Констант скончался в 2005 году в возрасте восьмидесяти пяти лет. Некрологов за пределами его родины, Нидерландов, было немного. Да, человек этот не был героем первой полосы уже целое десятилетие, если не все три. Но зато он был интеллектуальным вождем «прово»[248] – тех курильщиков травки, анархистов, вычурные выходки которых в шестидесятых положили начало современным стереотипам в свободных, либеральных Нидерландах. Констант (который вскоре отказался от своей неудобопроизносимой фамилии) выступал одним из вдохновителей Ситуационистского интернационала, инспиратором демонстрантов, прозванных Жан-Люком Годаром «детьми Маркса и кока-колы», пыхтящим «Голуазом» ересиархом всех мрачных контркультурных движений, начиная с битников и новых левых мая 1968 года до панков и энтузиастов Occupy Wall Street.
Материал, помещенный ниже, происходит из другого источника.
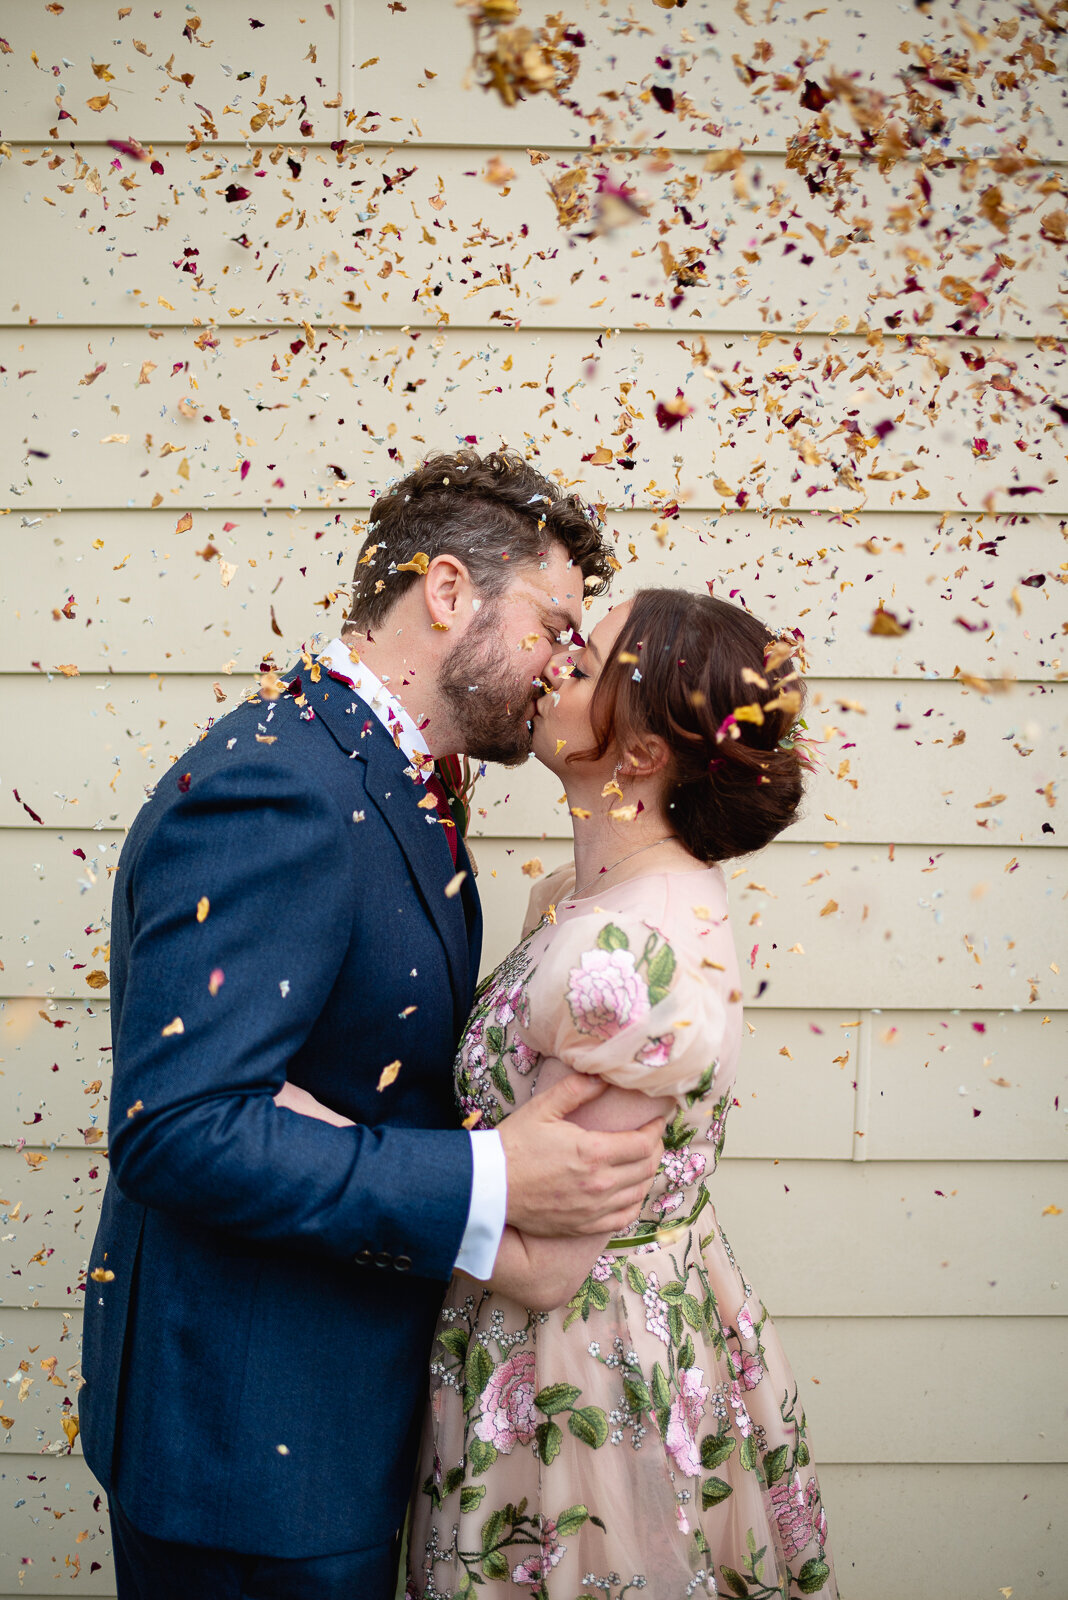 Bride and Groom kissing with confetti in the air

Этот человек – коллекционировал ли он послевоенные, левацкие арт-группы? – был также светом в окне для представителей движения «КоБрА», произведения которых – огромные, будто нарисованные ребенком, каракули, созданные с расчетом позлить буржуазное общество – сегодня служат скорее объектом почитания среди искусствоведов, чем пользуются настоящим признанием. Ему же случилось стать самым влиятельным архитектором в послевоенное время.
Среди вас немногие слышали о нем. За всю свою жизнь человек этот не уложил и одного кирпича. И всё же «Новый Вавилон», его единственное масштабное концептуальное произведение, представляло собой столь мощный прорыв в представлении будущего, так убедительно продолжало традиции великих архитектурных фантазий – от Пиранези до Сант-Элиа, что среди архитекторов свободными от его интеллектуального влияния остаются лишь немногие. «Новый Вавилон» породил скрученные формы Фрэнка Гери и Захи Хадид, прагматичный хай-тек Ричарда Роджерса и Нормана Фостера, и, конечно, провокации Рема Колхаса. Назови их – они напомнят о нем.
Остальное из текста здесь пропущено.